Истоки и судьба идеи соборности в России - страница 15
Собственно говоря, такое «признание возможности назначения пресвитера в качестве предстоятеля было соборным признанием учения, что границы Церкви определяются властью епископа (…) Подчиненное епископу Евхаристическое собрание перестало быть выражением жизни Церкви, а потому оно перестало окончательно определять границы Церкви»>36. Этот сдвиг закрепляется и терминологически: «прежний округ ( – община с предстоятелем-епископом во главе – А.А.) именуется « «(…) основным принципом «« не является больше Евхаристическое собрание, а епископ, а потому все, что находится под властью епископа, составляет ««>37.
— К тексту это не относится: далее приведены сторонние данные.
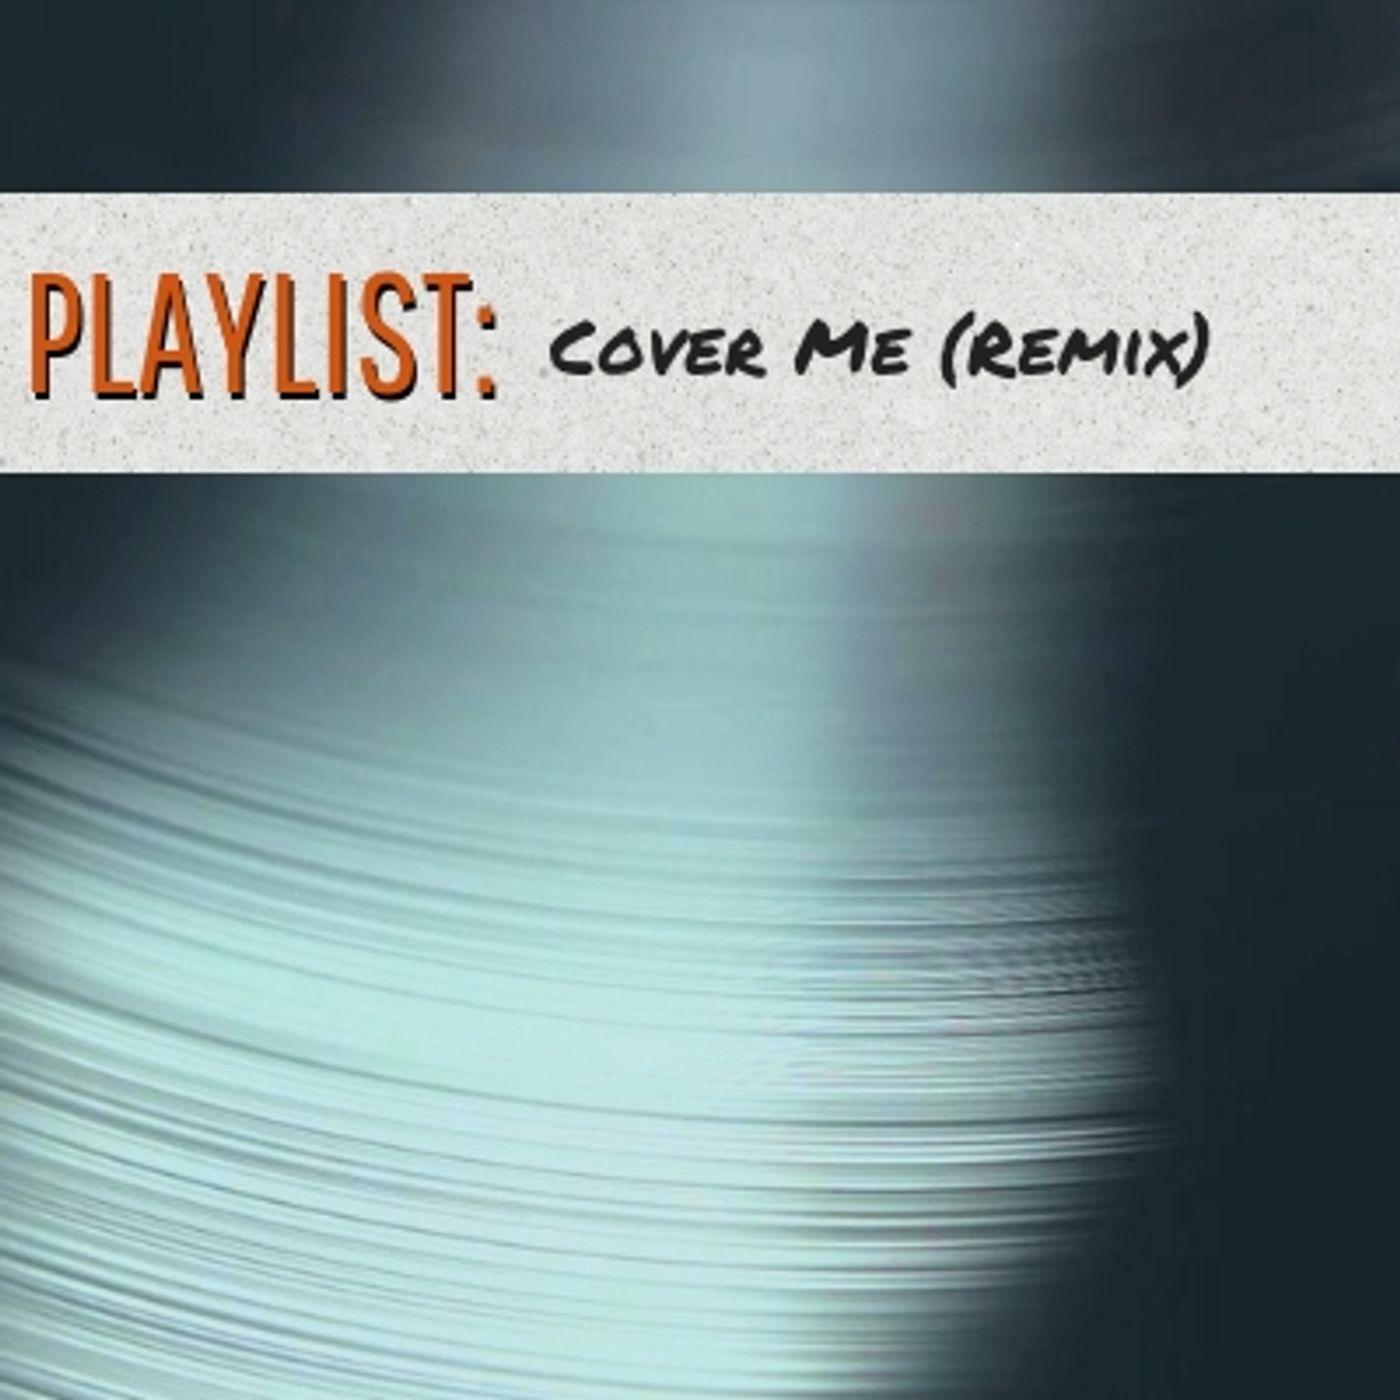 4.10 Cover Me (Remix)

Однако, вышеприведенный сдвиг в понимании роли епископа в Церкви, окончательно терминологически закрепленный Халкидонским собором (451 г.), не привел еще к упразднению или хотя бы ослаблению представления о «царственном священстве» всего крещеного народа, который продолжает реально в единстве с епископом совершать служение. Такое ослабление начинается в тот момент, когда харизму священства получают «уполномоченные епископа» – пресвитеры. Вклиниваясь между епископом и Евхаристическим собранием, они неизбежно стягивают на себе ту полноту священства, которой был облечен весь народ.
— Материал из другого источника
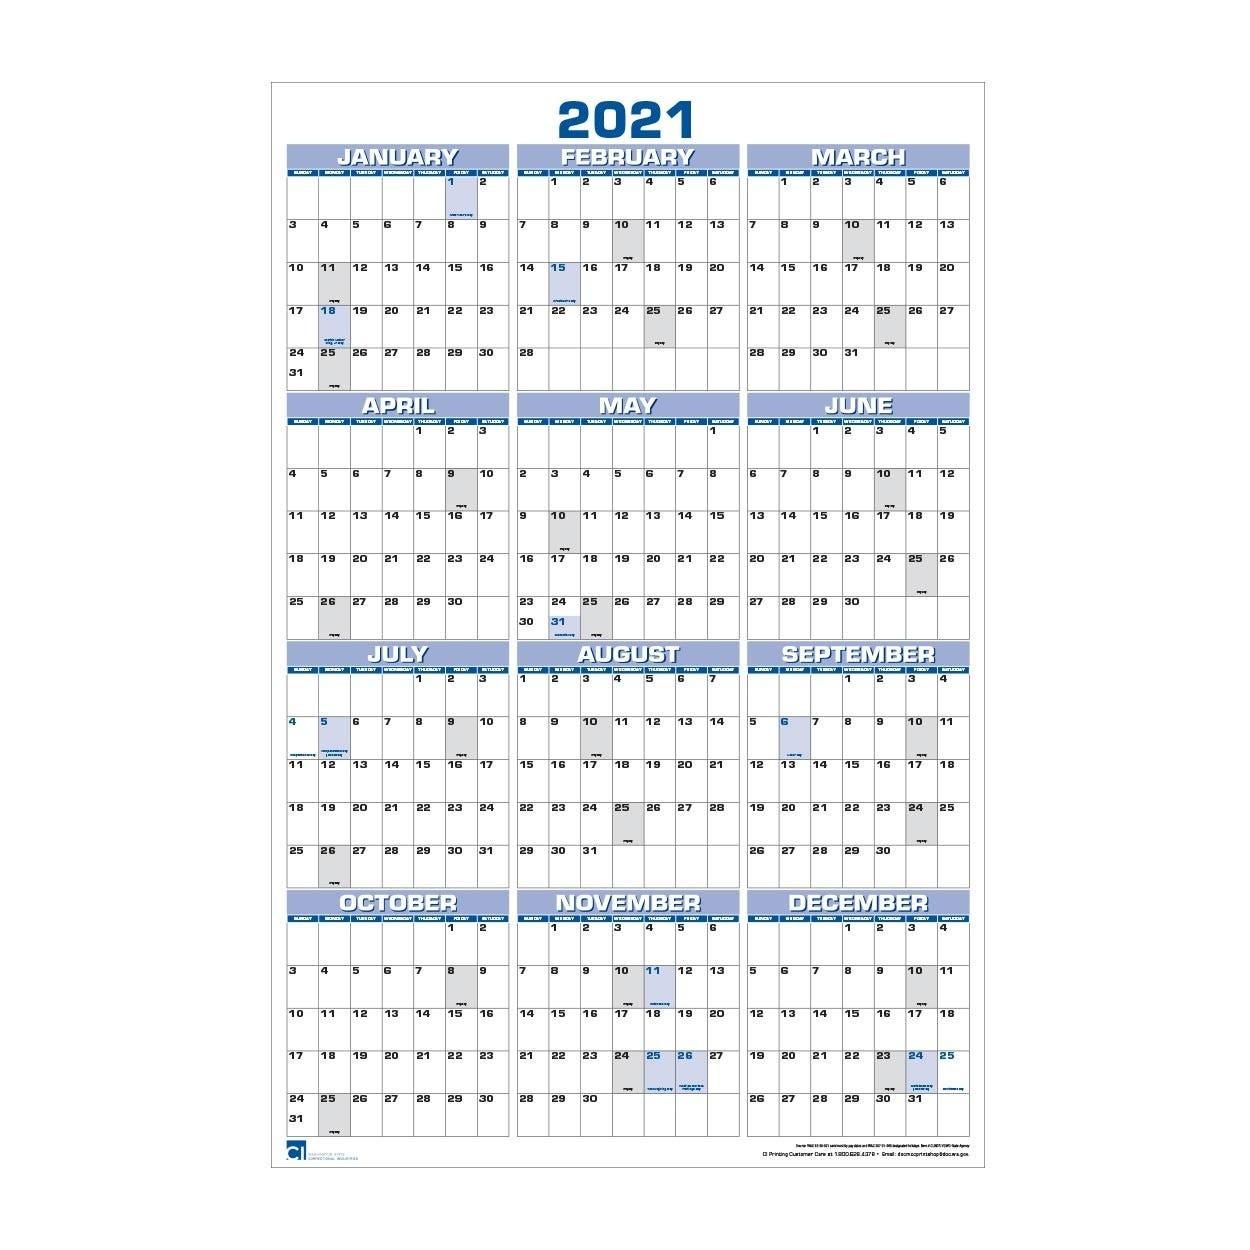 2021 Large Wall Calendar, Year At A Glance (#Clndr-Ygwc-Large Print 2021 Calendar At A Glance Printable

Игнатий Богоносец отстаивал в свое время необходимость в Церкви «одного жертвенника» и «одного епископа», которые являются непременными условиями, обеспечивающими церковному организму единство. Когда же эти два условия вошли в конфликт между собою, историческая Церковь пошла по пути сохранения единства епископата, постепенно, а с усвоением пресвитерам священства – окончательно утратив внешнее «единство жертвенника».
Понятие о первосвященстве епископа, не вытекающем из предстояния в Евхаристии, а наоборот обосновывающем возможность такого предстояния, в дальнейшем было прочно утверждено в Церкви, и такой переход от евхаристического принципа устройства Церкви к епископальному повлек за собой ранжирование среди «архиереев», епископов. «Учение о власти епископа над епископами, вытекающее из учения о власти епископа над Евхаристическим собранием, приводит к учению об единой власти над всей Церковью единого епископа, независимо от того, удается ли это осуществить в истории или нет (…) Таковы неизбежные результаты уничтожения того ядра, которое лежало в основе устройства в Церкви церковных округов – городского епископского округа, неудавшегося в истории»>38.
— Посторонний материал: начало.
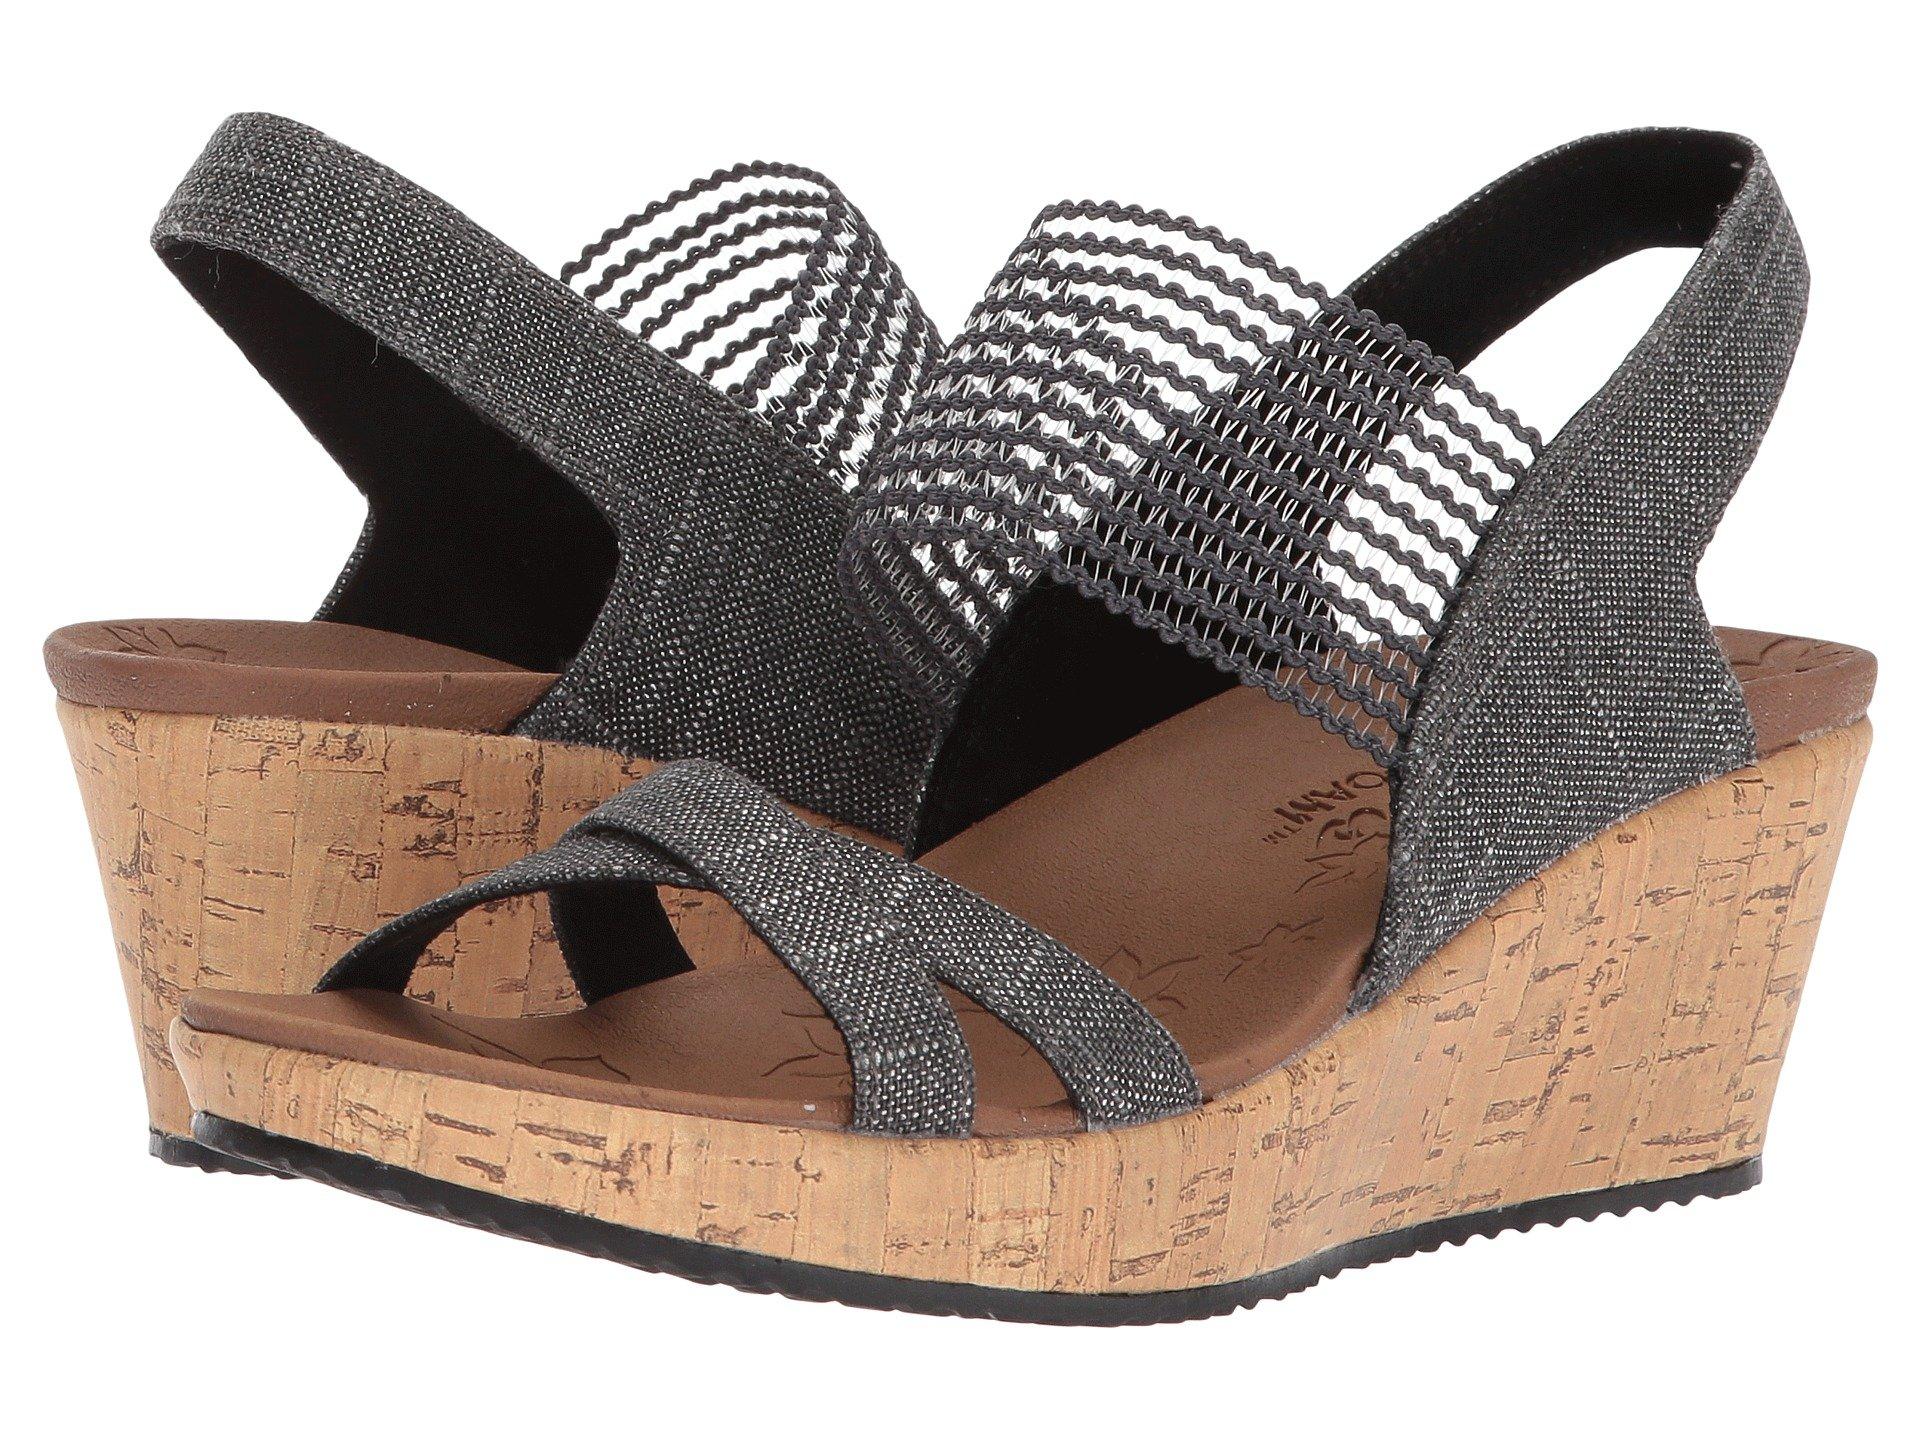 7c2157785641 Women s SKECHERS Sandals + FREE SHIPPING

Весьма отчетливо говорит об этом Соловьев, воспринимая учение о власти епископа над епископами и, в конечном счете, о единой власти единоличного монарха над всей Церковью как нечто должное и прирожденное христианству: «Для христианства, – пишет он, – существенна идея первосвященника, необходимо бытие в Церкви архиерея, непрерывным преемством связанного с апостолами и Христом, единым вечным Первосвященником»>39. Если бы Соловьев имел в виду при этом ту или иную местную церковь, то хватило бы и того, что ее возглавляет епископ, действительно связанный непрерывным преемством с одним из апостолов и действительно органически необходимый в Церкви, но Соловьев говорит о Вселенской христианской Церкви и о необходимости в ее рамках единого первосвященника, обнимающего своей властью все местные церкви, все мировое христианство, являющегося для мировой Церкви тем, чем является для нее Христос.